Y hoy, sin exagerar, hoy, en el día de Todos los Santos, quisiera que nosotros pensáramos en todos estos, los santos desconocidos. Pecadores como nosotros, peor que nosotros, pero destruidos. A esta tanta de gente que viene de la Gran Tribulación: la mayor parte del mundo está en tribulación. Y el Señor santifica a este pueblo, pecador como nosotros, pero lo santifica con la tribulación.
Y al final, la tercera imagen. Dios. La primera, la devastación; la segunda, las víctimas; la tercera, Dios. Dios: “Nosotros desde ahora somos hijos de Dios”, hemos escuchado en la segunda lectura. “Pero lo que seremos no ha sido todavía revelado. Pero sabemos que cuando Él se habrá manifestado nosotros seremos semejantes a Él, porque lo veremos como Él es”, es decir: la esperanza. Y esto es la bendición del Señor que todavía tenemos: la esperanza. La esperanza que tenga piedad de su pueblo, que tenga piedad de aquellos que están en la Gran Tribulación. También, que tenga piedad de los destructores y se conviertan. Y así, la santidad de la Iglesia va adelante: con esta gente, con nosotros que veremos a Dios como Él es. Y ¿cuál debe ser nuestra actitud, si queremos entrar en este pueblo y caminar hacia el Padre, en este mundo de devastación, en este mundo de guerras, en este mundo de tribulación? Nuestra actitud, lo hemos escuchado en el Evangelio: es la actitud de las Bienaventuranzas. Solamente este camino nos llevará al encuentro con Dios. Solamente este camino nos salvará de la destrucción, de la devastación de la tierra, de la creación, de lo moral, de la historia, de la familia, de todo. Solamente este camino: pero nos hará pasar cosas feas, ¿eh? Nos traerá problemas. Persecuciones. Pero solamente este camino nos llevará adelante. Y así, este pueblo que tanto sufre hoy por el egoísmo de los devastadores, de nuestros hermanos devastadores, este pueblo va adelante con las Bienaventuranzas, con la esperanza de encontrar a Dios, de encontrar cara a cara al Señor, con la esperanza de hacernos santos, en aquel momento del encuentro definitivo con Él.

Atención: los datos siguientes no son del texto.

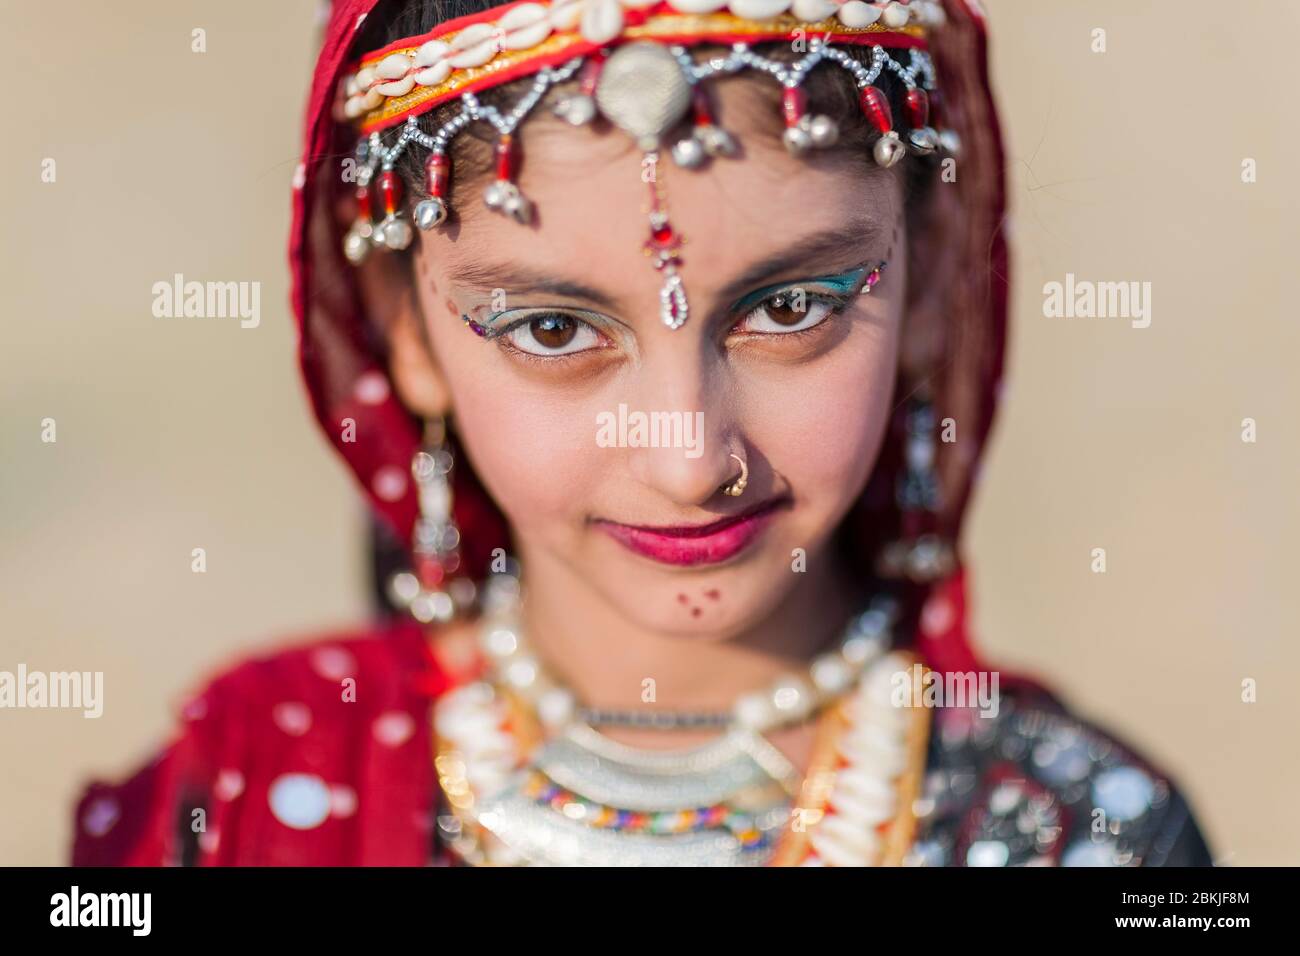 India, Rajasthan, Bikaner, Camel Festival, portrait of a young girl with a piercing gaze Stock Photo

El Señor nos ayude y nos de la gracia de esta esperanza, pero también la gracia de la valentía para salir de todo aquello que es destrucción, devastación, relativismo de vida, exclusión de los otros, exclusión de los valores, exclusión de todo aquello que el Señor nos ha dado: exclusión de paz. Nos libre de esto, y nos de la gracia de caminar con la esperanza de encontrarnos un día cara a cara con Él. Y esta esperanza hermanos no defrauda.